FRANKFURT (MNI) – The European Central Bank’s decision to exclude
itself from collective action clauses on its Greek bond holdings will
not trigger a payment of credit default swaps, the International Swaps
and Derivatives Association said Thursday.

The trade body said its Determinations Committee had “unanimously”
decided that the Eurosystem’s Greek bond swap, prior to the retroactive
insertion by Greece of CACS in remaining Greek sovereign bonds, does not
constitute “subordination” of other creditors and therefore causes no
credit event.

The ECB last month swapped its Greek bonds for identical ones with
new dates, thus exempting itself from collective action clauses that the
Greek government retroactively inserted in its outstanding sovereign
securities. The action by the ECB means that, unlike private investors,
it would not be bound by the clauses should Athens choose to enforce
them in order to gain 100% acceptance of the pending private sector debt
swap proposal (PSI).

The association’s Determinations Committee also ruled that the
voluntary PSI agreement between Greece and its private bondholders,
expected to reduce Greece’s debt burden by E107 billion, does not
constitute a Restructuring Credit Event.

However, the Committee stressed that “the situation in the Hellenic
Republic is still evolving” and that future decisions that could trigger
credit default swaps cannot be excluded.

Credit default swaps may yet be triggered should Greece decide to
enforce collective action clauses on private investors in case there are
not sufficient voluntary participants in the current PSI offer, the
ISDA’s rules suggest.

International Institute of Finance (IIF) managing director Charles
Dallara, who negotiated the PSI on behalf of private investors, said he
does not expect that to be necessary since he is confident of strong
participation in the voluntary Greek debt deal.

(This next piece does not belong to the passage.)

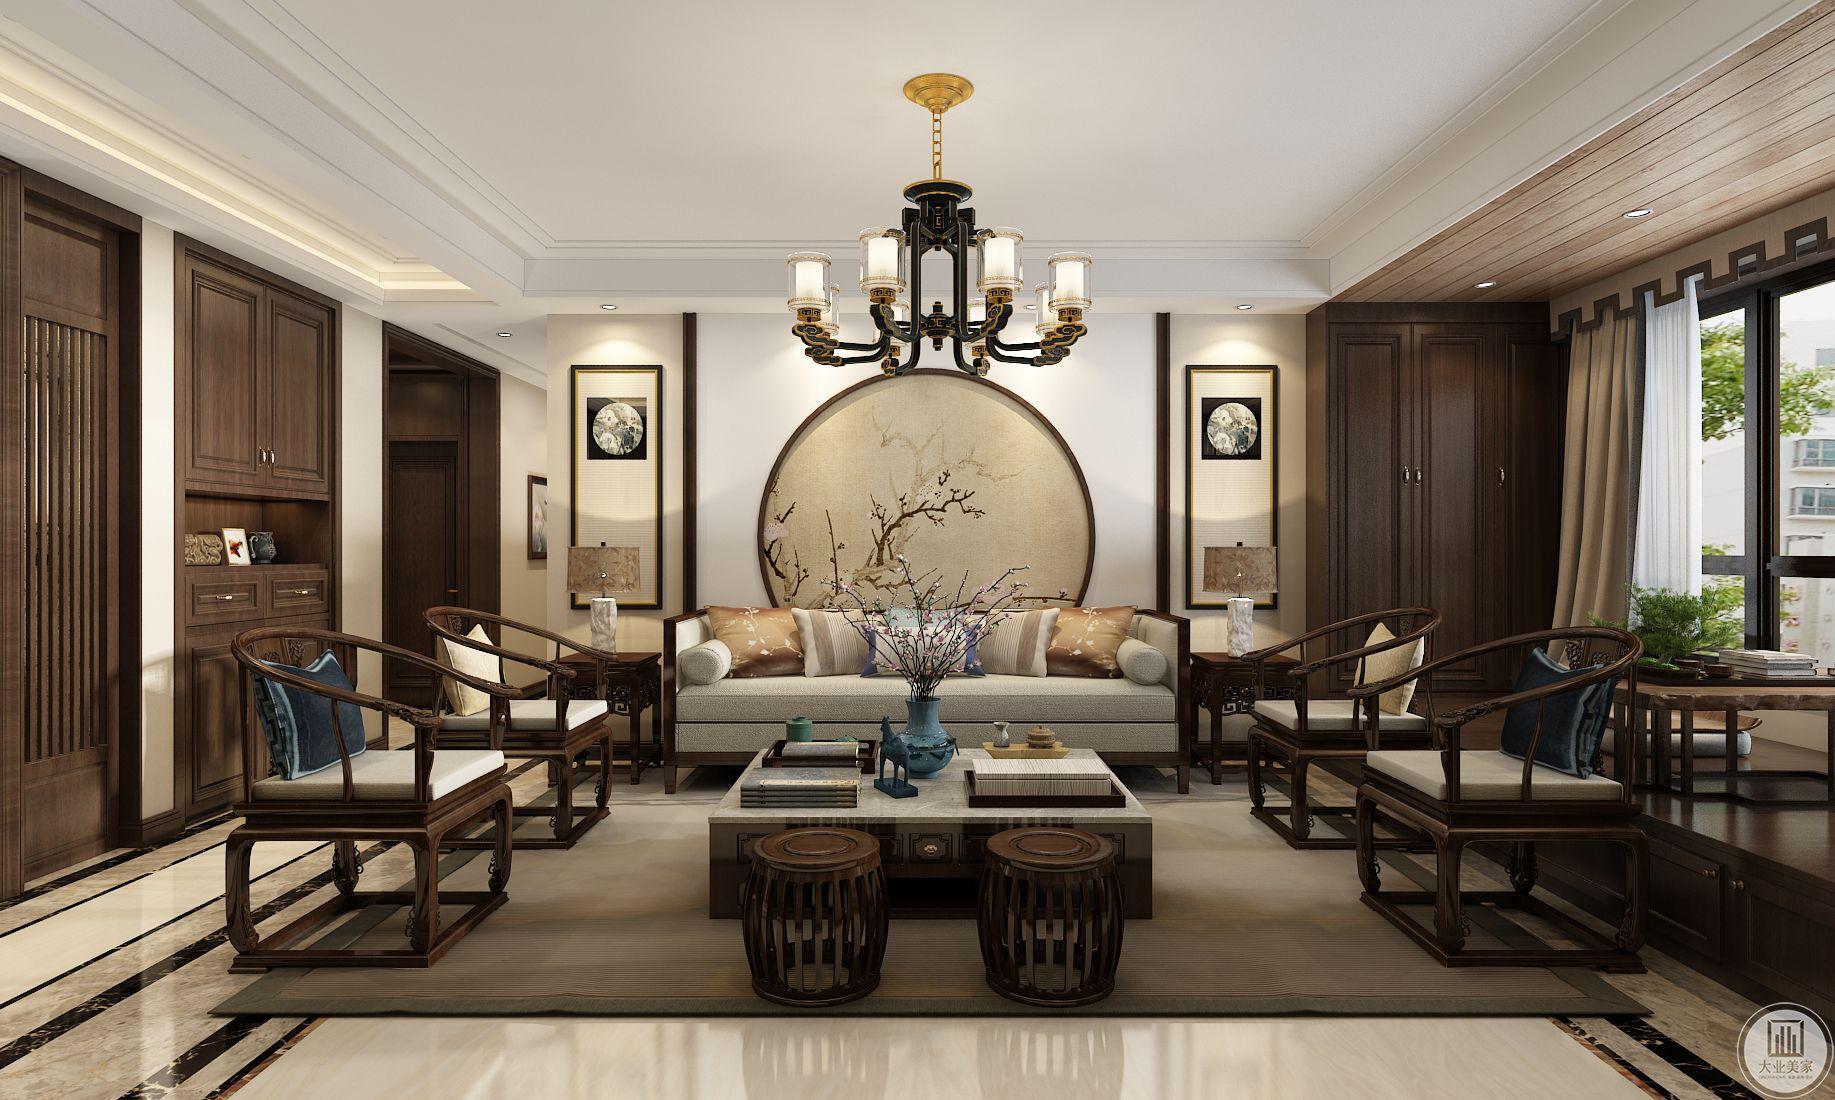 客厅装修效果图:地面瓷砖采用淡黄色,地毯使用浅棕色,沙发茶几都采用中式实木,沙发背景墙主要采用花鸟背景,
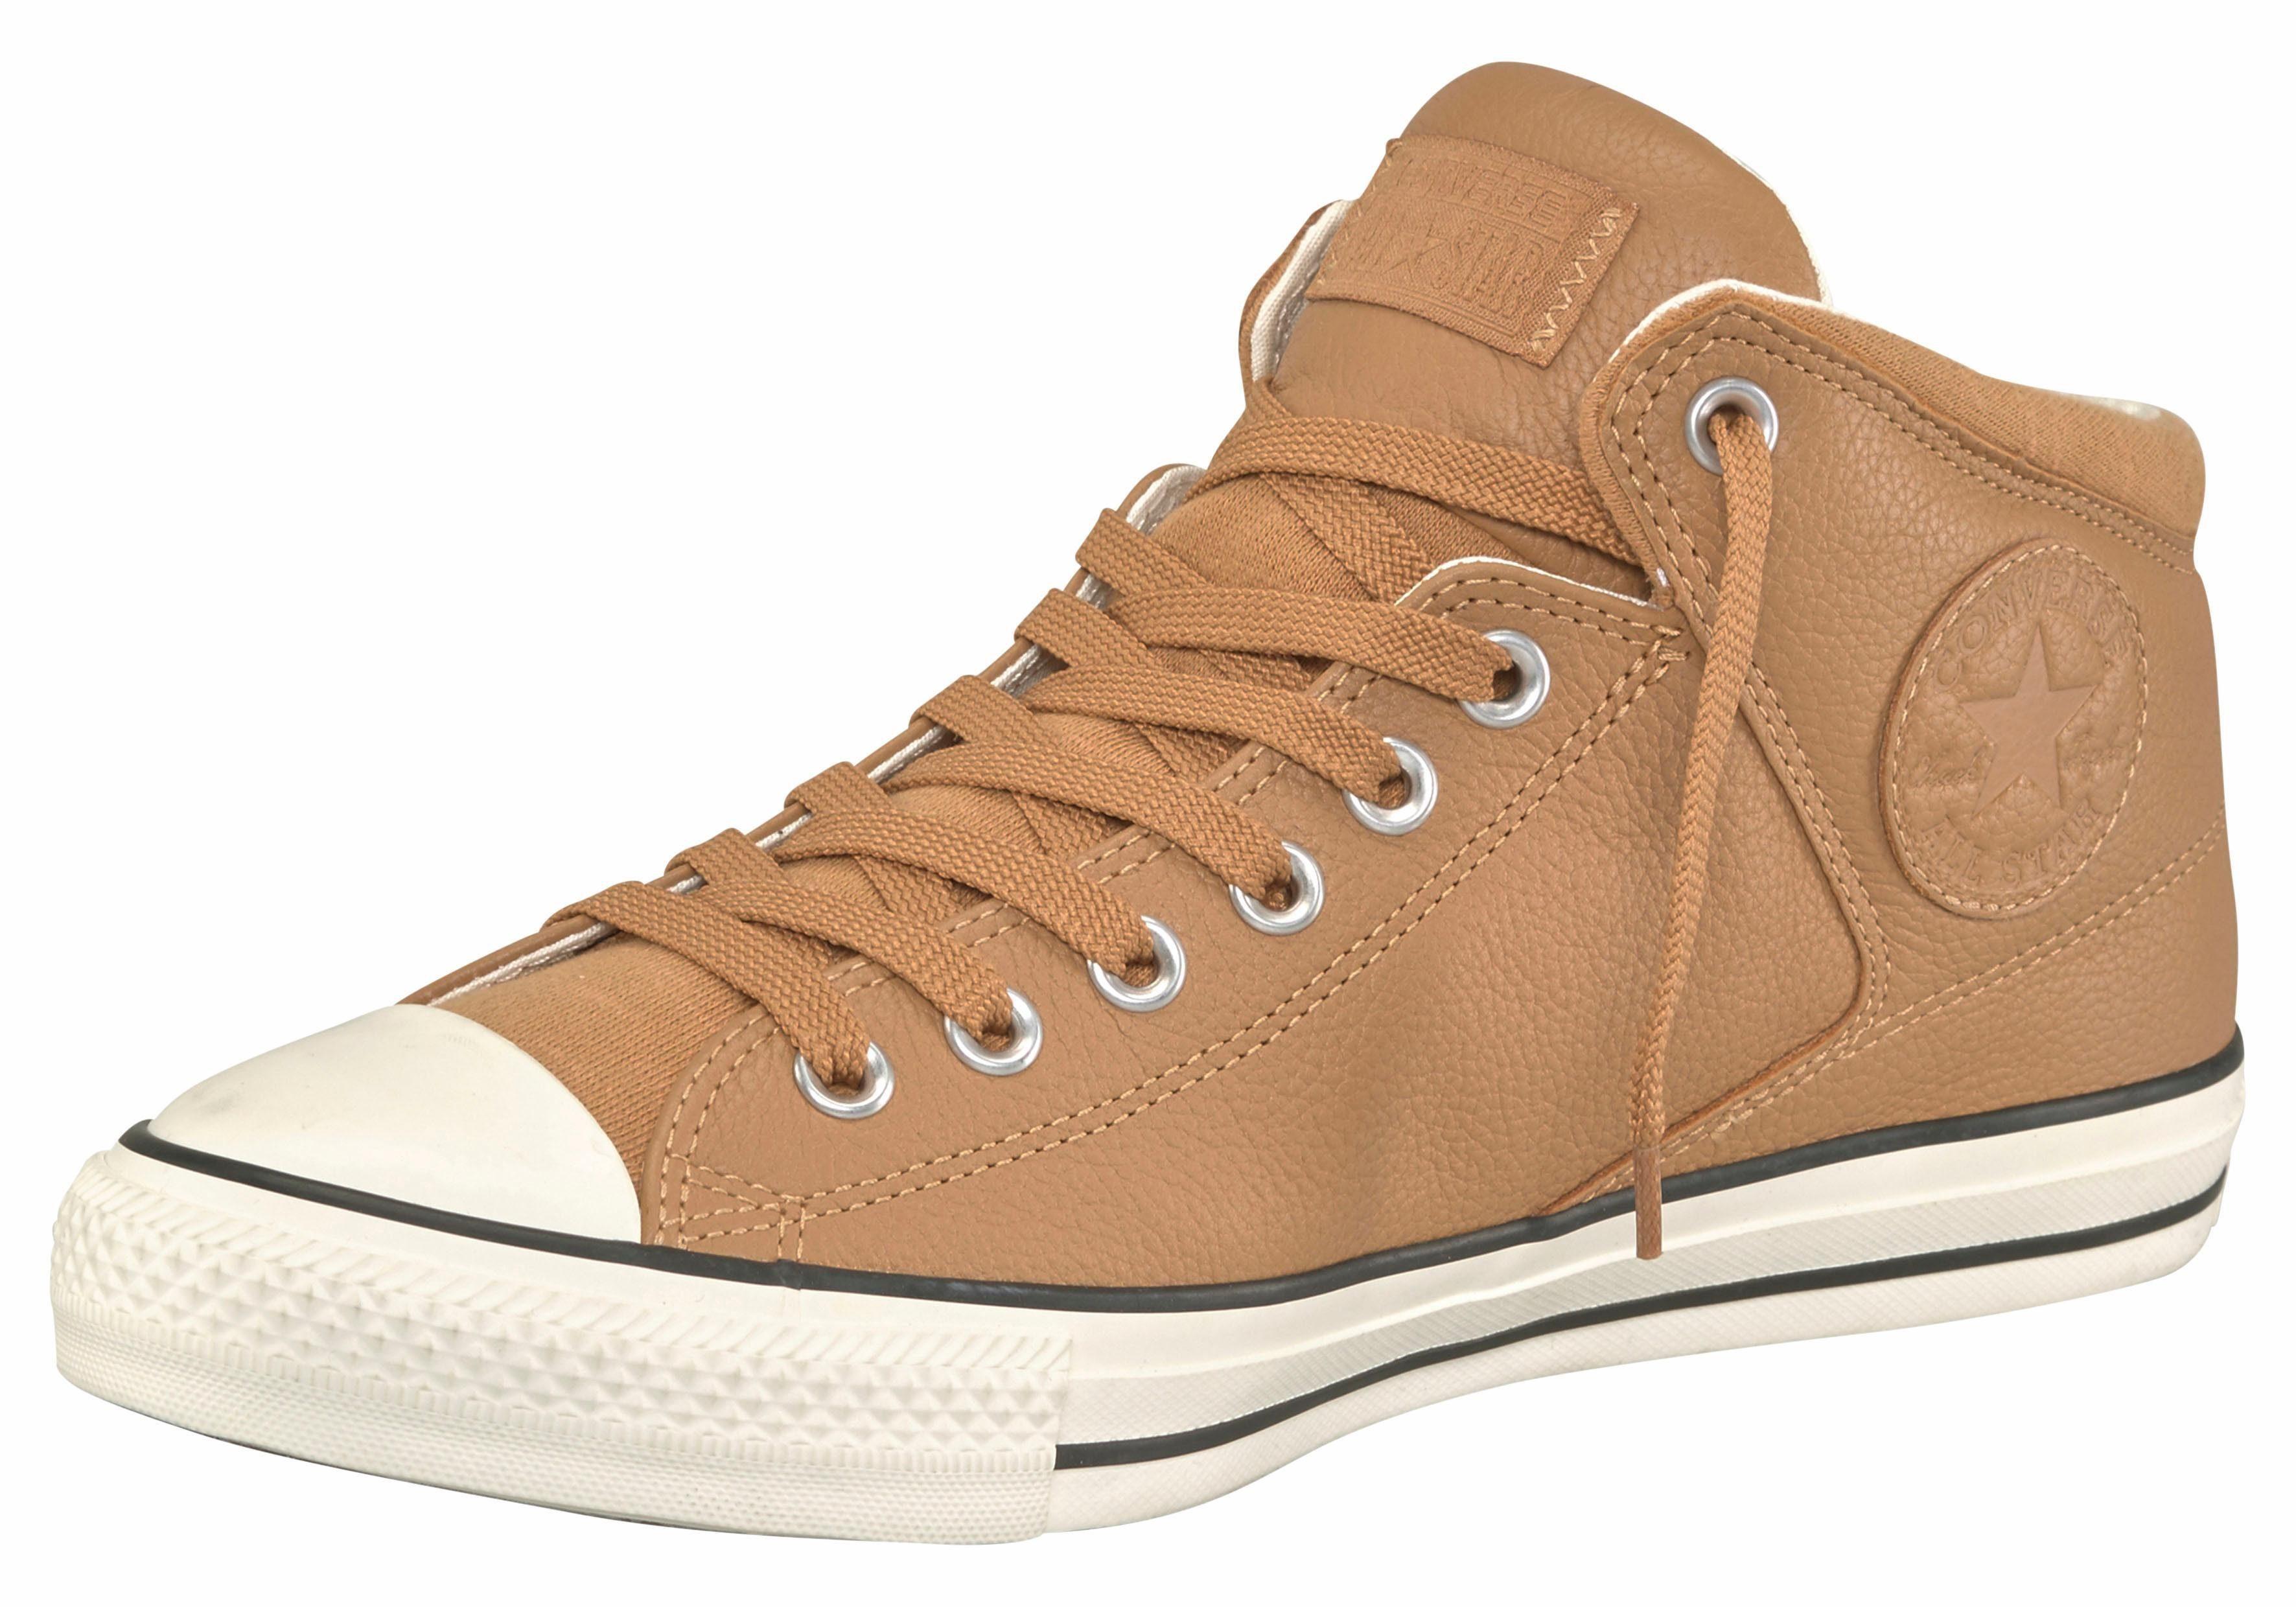 Brun Chaussures Converse All Star À 46,5 Pour Les Hommes

However, a number of investors, particularly hedge funds, will not
be happy to agree to the punitive terms of the deal in which private
bondholders would take a loss of 53.5% on the face value of their Greek
bonds and, factoring in reduced coupon payments, a real loss of around
75%. Commerzbank head Martin Blessing recently said that the Greek PSI
“is as voluntary as the confessions to the Spanish Inquisition.”

The European Central Bank has previously stressed that policies
must avoid triggering credit default swaps, given fears that this could
encourage investors to bet on other European defaults and provoke
another eruption of the Eurozone debt crisis.